# Snake time



## travelling-man (Jun 17, 2011)

Snake time again folks which means it’s time for me to suggest that if you come across one here in Portugal the best thing to do is not to panic & there’s rarely any need to even disturb it, let alone kill it just for being a snake & doing what snakes do.

There is only one species of snake native to Portugal that is liable to give a healthy adult any serious problems and that is the Lataste’s Viper & it’s easily identifiable by the rhino horn like protuberance on his nose. Don’t go by colour, skin pattern or anything else because as you’ll see in the videos below there’s sometimes not much difference between the Lataste’s Viper & some of the others. ALWAYS look for that horn.

If you do need to move a snake, it can be done quite easily with a long handled broom or a long garden cane & all you have to do is just gently guide it the way you want it to go & if you’re really uncomfortable doing that then I’m sure that if you call the GNR, Bombeiros or our local vet on a NON emergency number then I’m sure they’ll probably have contact details for someone you can call to move it for you.

Gloves & wellies might be a good idea before you start the job. 

If you’re in the Figueiro Dos Vinhos and/or Pedrogao Grande areas & surrounds you can contact me & I’ll do my best to come out to catch & relocate the snake for you.

NOTE: There’s rarely any reason to treat any indigenous snake here with fear but there is always a reason to treat them with respect because if nothing else, there’s always the remote possibility that some halfwit just might have released a non native, venomous snake into the wild because they have decided they no longer want it.

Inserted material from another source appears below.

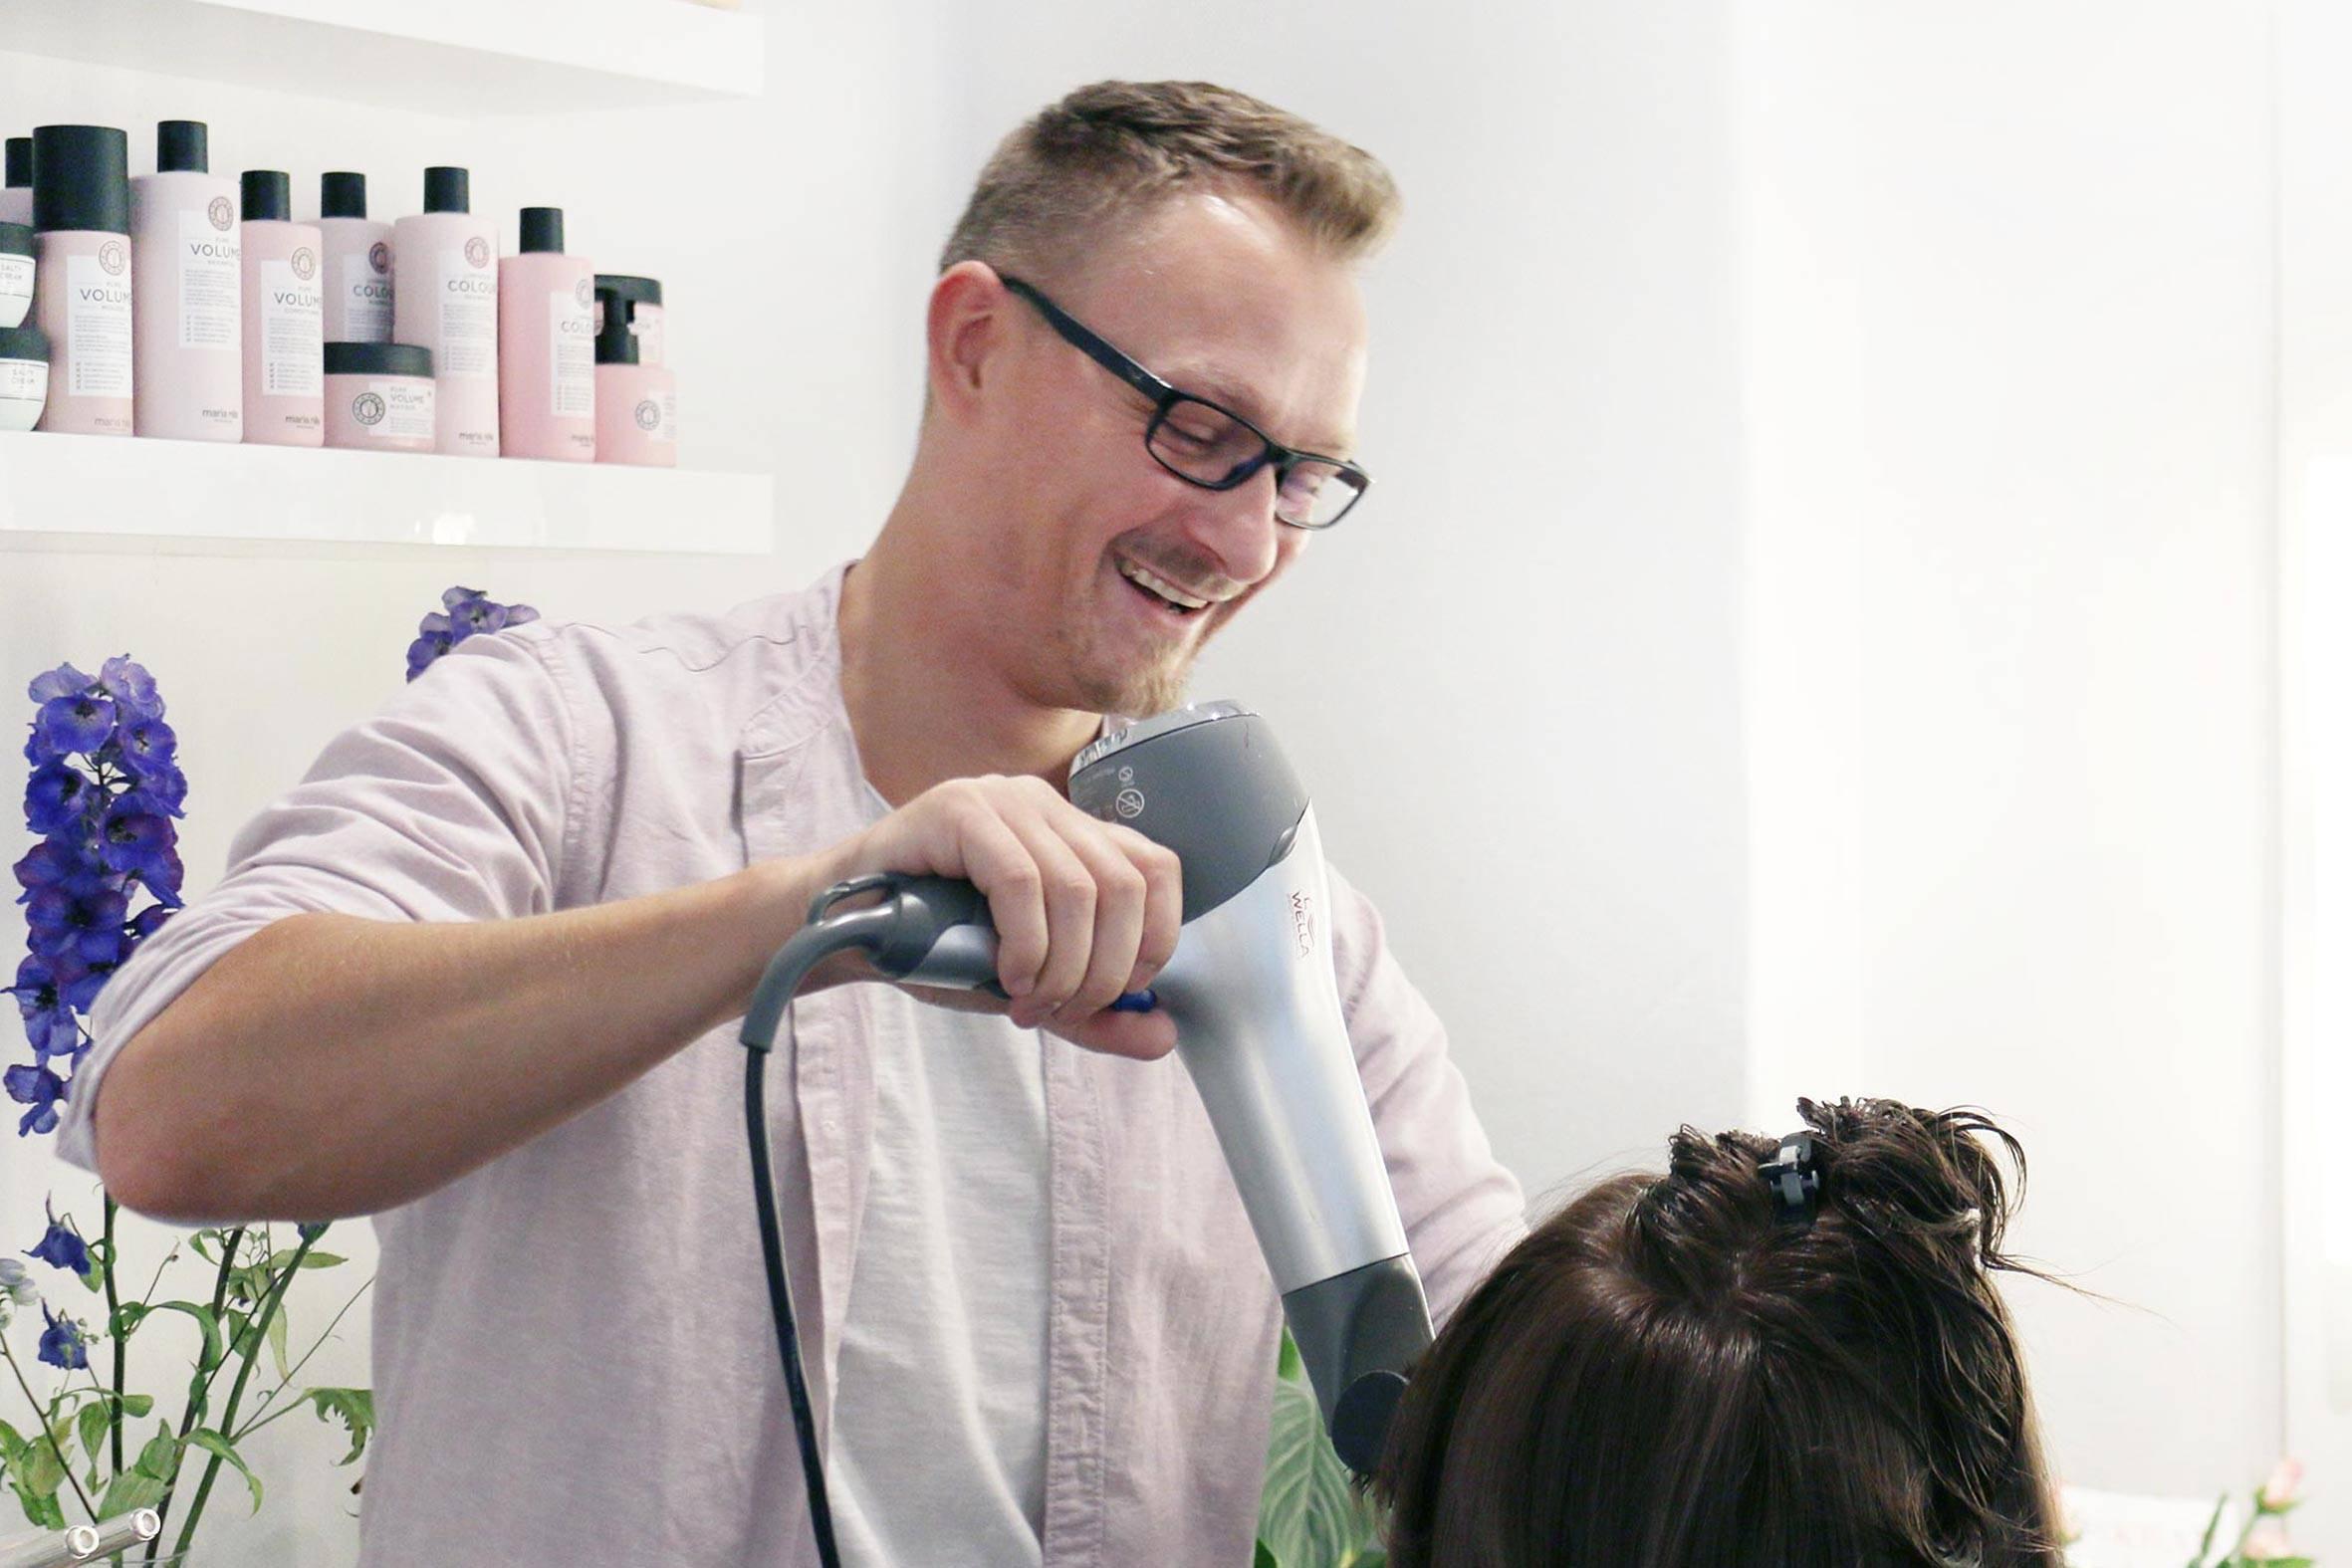 Friseurmeister Romano Klemd von PÜPPIKRAM föhnt einer Kundin die Haare

Feel free to pass this onto anyone you wish.


----------



## Tortuga Torta (Jan 23, 2016)

> Snake time again

I wasn't really interested in this topic, but had to click on your post. I enjoy the idea of Portuguese "Snake Time", as if it is some kind of festival season. In all seriousness, thanks for giving some useful pro-ecology advice and very respectful concern for these beautiful creatures.


----------